My new friends like to throw their sandwich crusts at her at lunch and walk by her table and hold their noses as if she smelled bad. They tripped her on the playground. They got the popular boys to help them. They would corner her on the playground and push at her while the girls all laughed.
Where were the adults? Well, usually smoking off to the side or quietly eating, seeing it ALL and doing nothing. Rich parents. School board. Keeping their jobs.
It was kind of like a John Hughes' movie on mescaline. Without Molly Ringwald dressed in goofy but cute clothes. No one poor and weird got the rich, sensitive boy.
At first, I tried to participate in these activities. I wanted so desperately to fit in. But I stopped sleeping at night. I had awful dreams I couldn't really remember in the morning. I spent a lot of time in the bathroom crying. I didn't really even understand it myself.
Finally, I refused to do it. One of the girls, the ringleader, would actually egg the other girls on to do these terrible things, while she herself sat back and did nothing. One day on the playground, she told me to walk by and spit on the girl. I got up, legs trembling, stomach churning. I looked over at the adults, smoking on the edge of the playground. At the popular girls, all laughing, their faces so innocent and happy and lovely. They were so beautiful looking. I walked by the girl. I stopped. She looked up, her face, already scarred by those little pimples, her hair lank. She was rolling one of those little pills on her sweater back and forth in her hand. I looked back. The girls were waiting. I gathered the spit together in my mouth. And then I just couldn't do it. I'd like to say I met her eyes, and we connected, but no, really, something in me, something put there by my parents or by some mysterious lesson I'd learned in kindergarten stopped me. Who the hell knows? I just said, "hey." She didn't even respond. And then I ran to the bathroom and hid there for the rest of the afternoon. When I returned to the classroom to get my books, the teacher didn't even ask where I'd been.

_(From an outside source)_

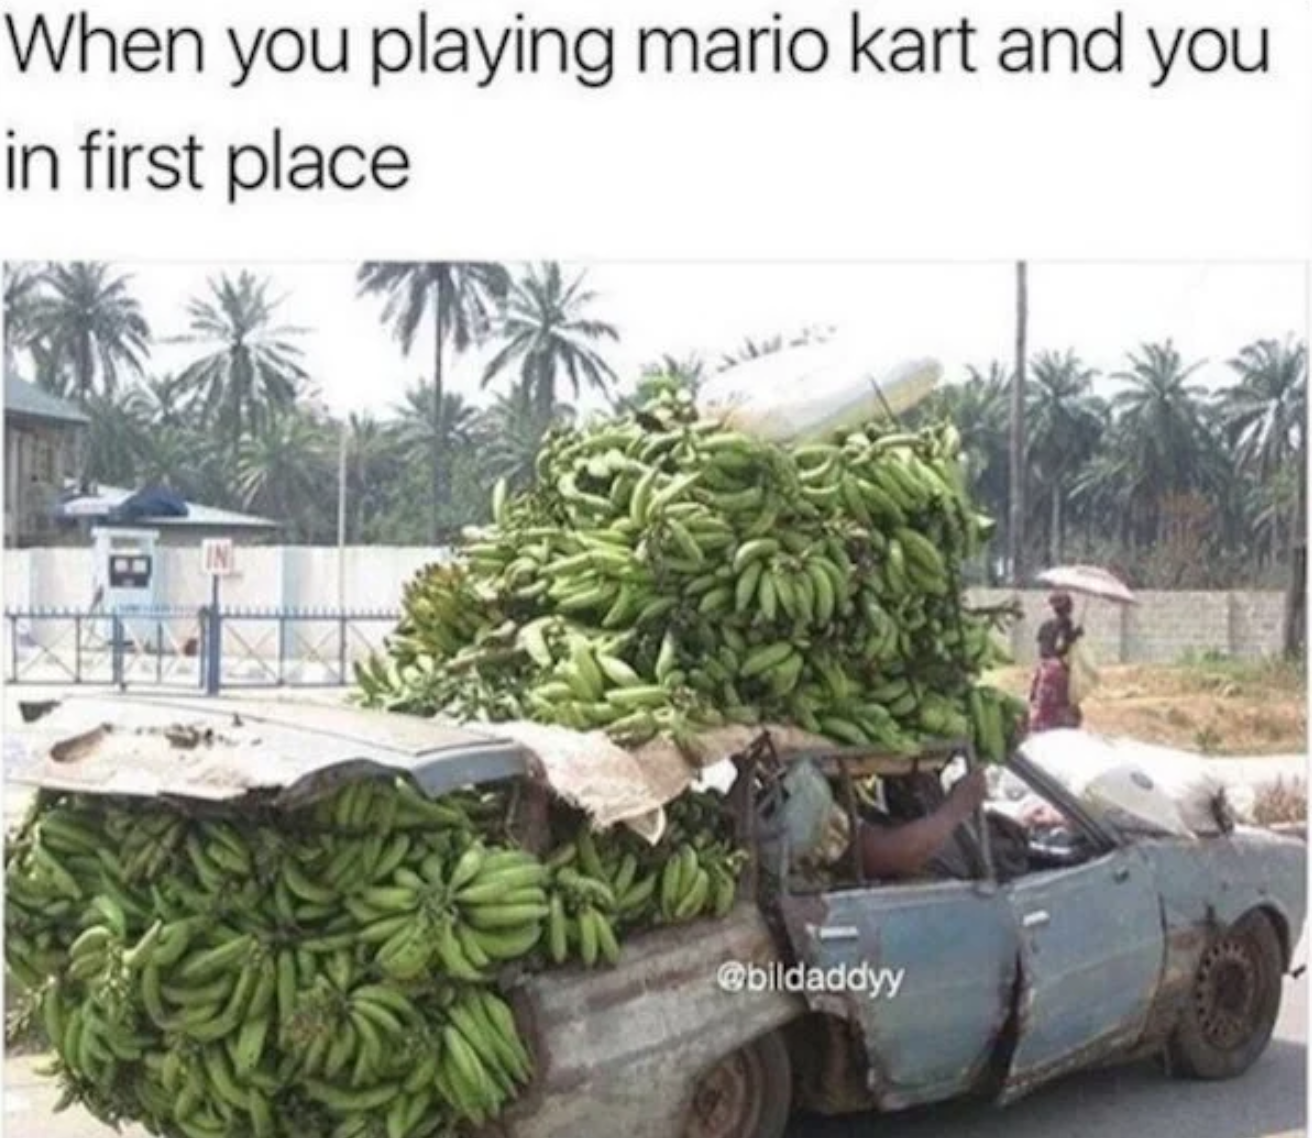 overloaded car africa - When you playing mario kart and you in first place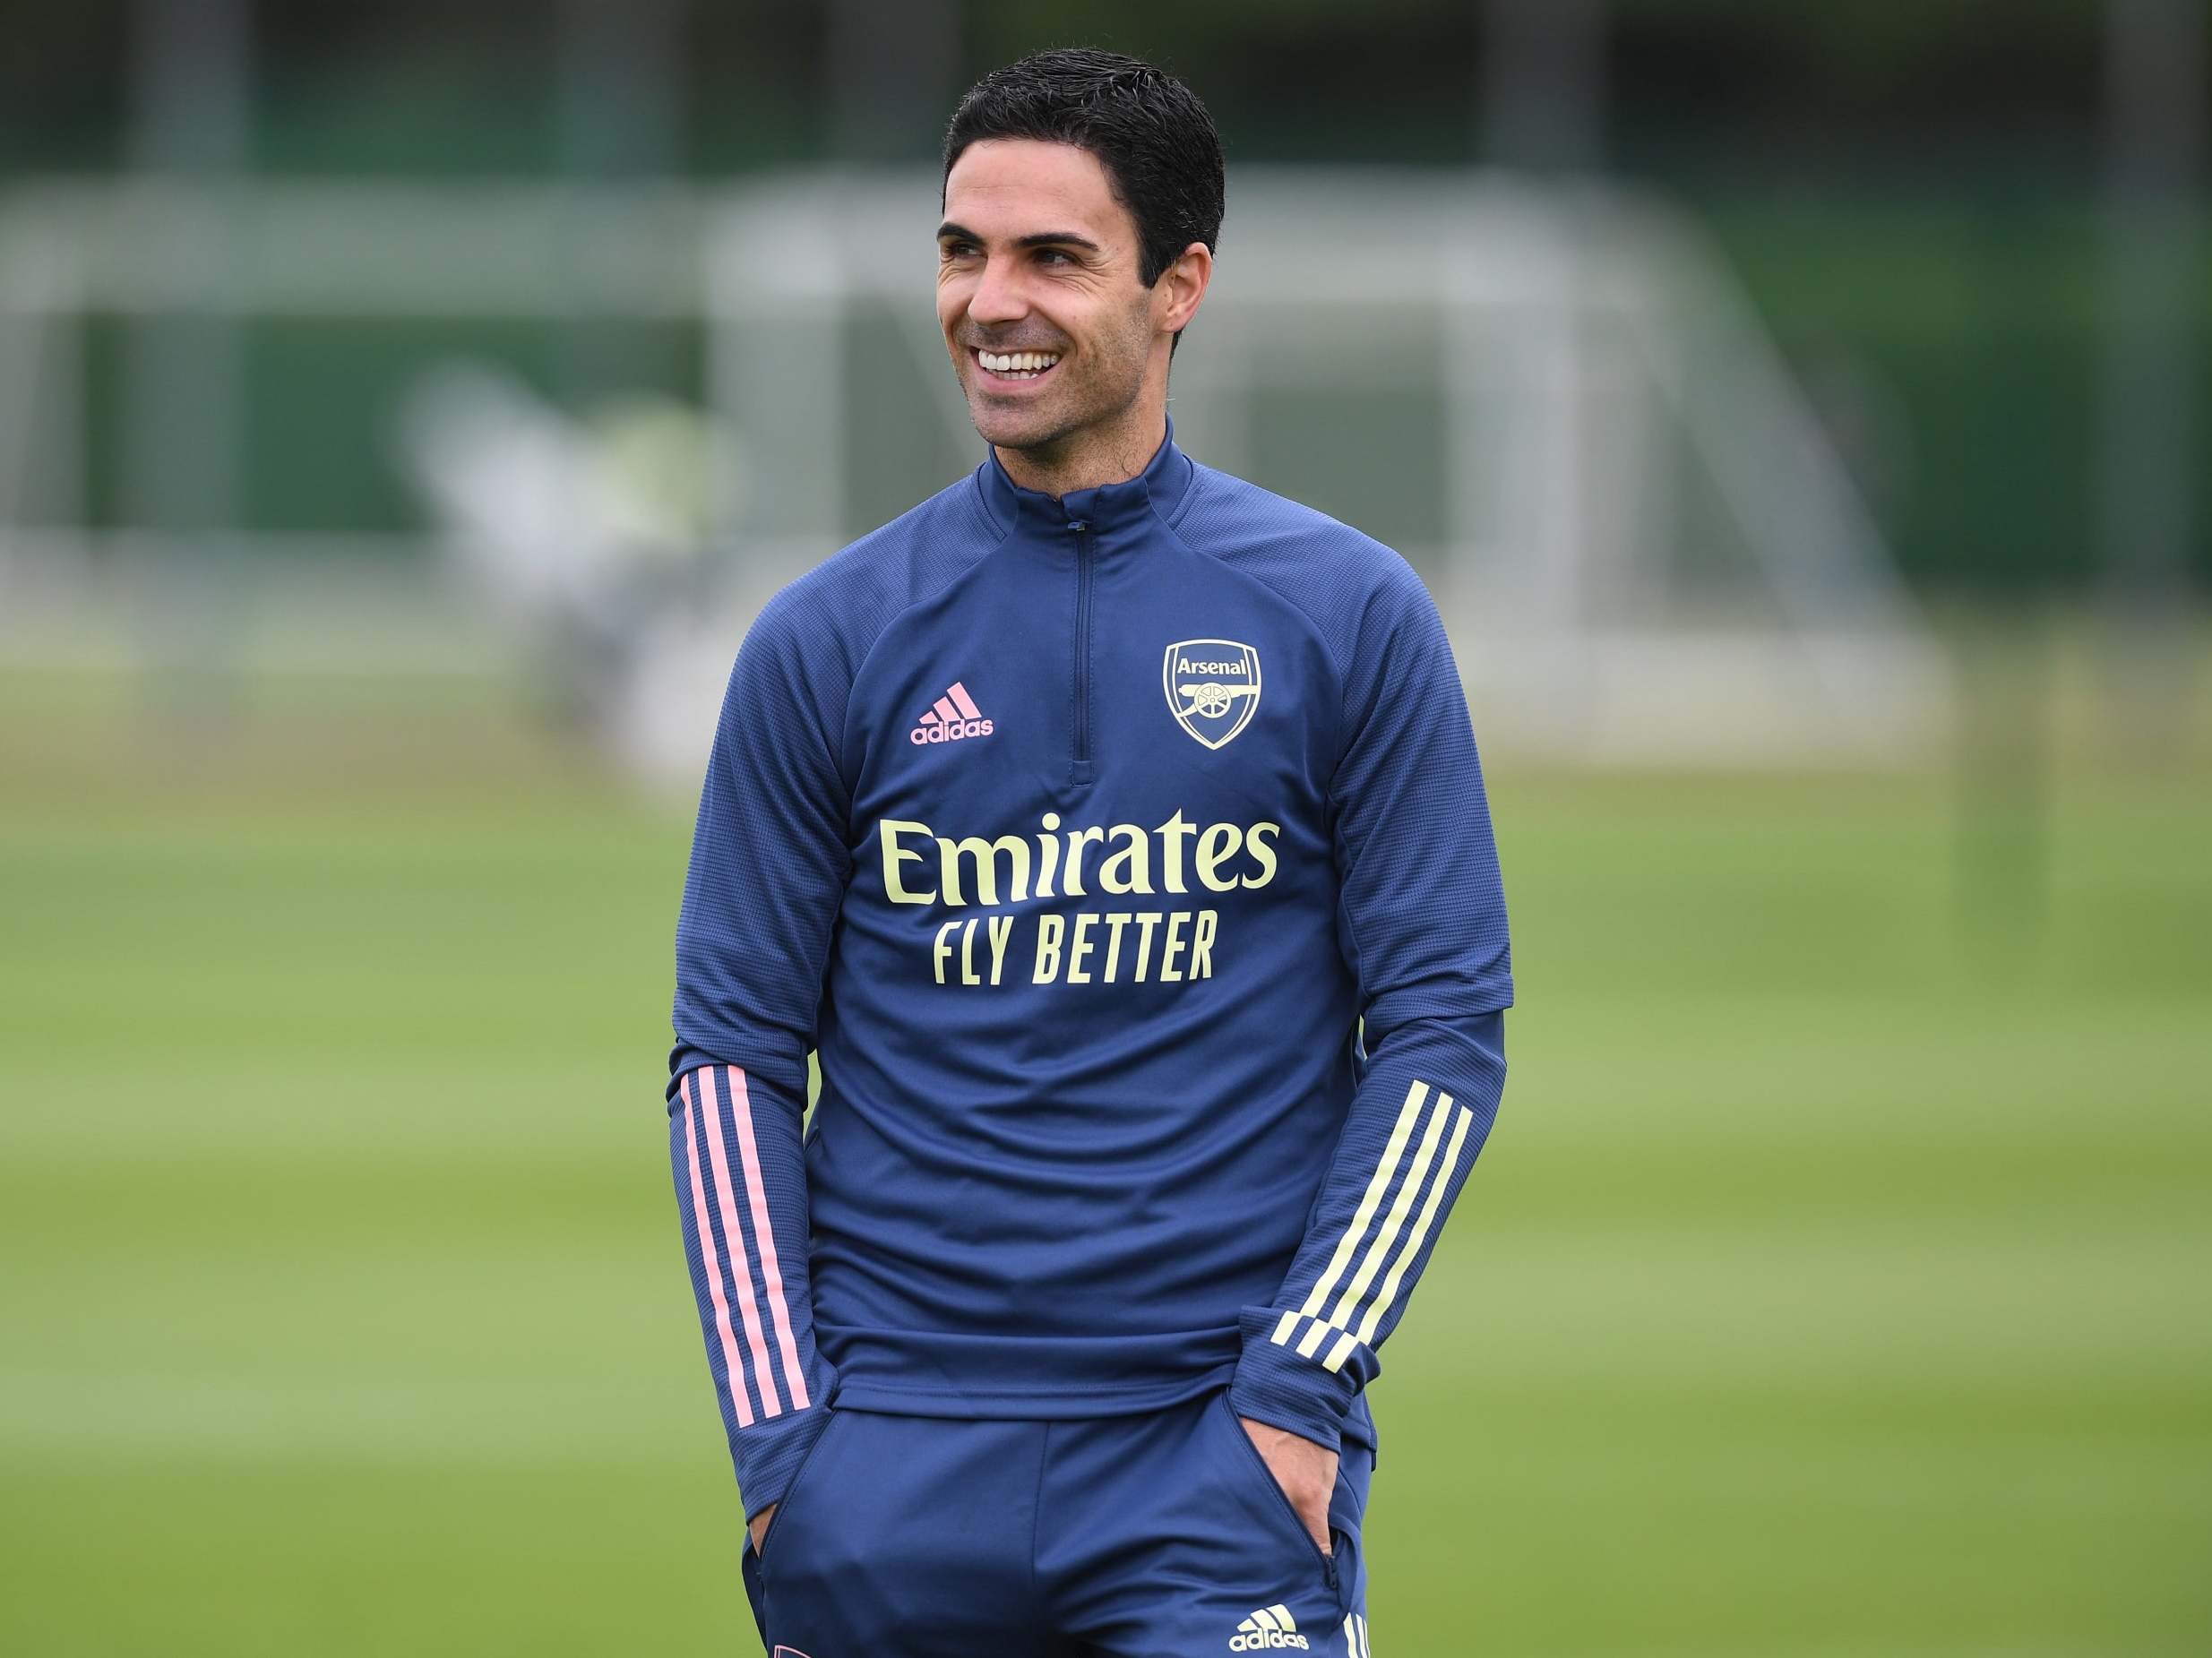 Arteta is aware that pushing for the Champions League will come at a risk

When I came to class the next day, the popular girls wouldn't speak to me. They made faces at me. They passed notes. One girl screamed at me on the playground and pushed me. They started making fun of me. One of them spit on me. I spent a lot more time in the bathroom.
At lunch, they pushed my tray off the table. They had the boys come up and take away my food or pick their noses and spread it on my tray. They pretended once to re-friend me, saying they forgave me, then took it back, laughing in my face when I cried.
I never told my parents. Never.
When I got to the next grade and from then on, it was different for me in terms of making friends. I went to school. I did the schoolwork and did well at it. I was friendly with everyone. I even made a couple of new friends and spent time with them. But I pulled back from being truly close with anyone, a habit I still cling to somewhat. This made me mysterious, evidently, and I had tons of friends but no one I wanted to really know well.
I did find that, outside school, there were wonderful things, like theatre and music and I made friends there too and really enjoyed myself. But at school, I was marking time. I was horrified at the idea of a high school reunion. Why would I want to go to that?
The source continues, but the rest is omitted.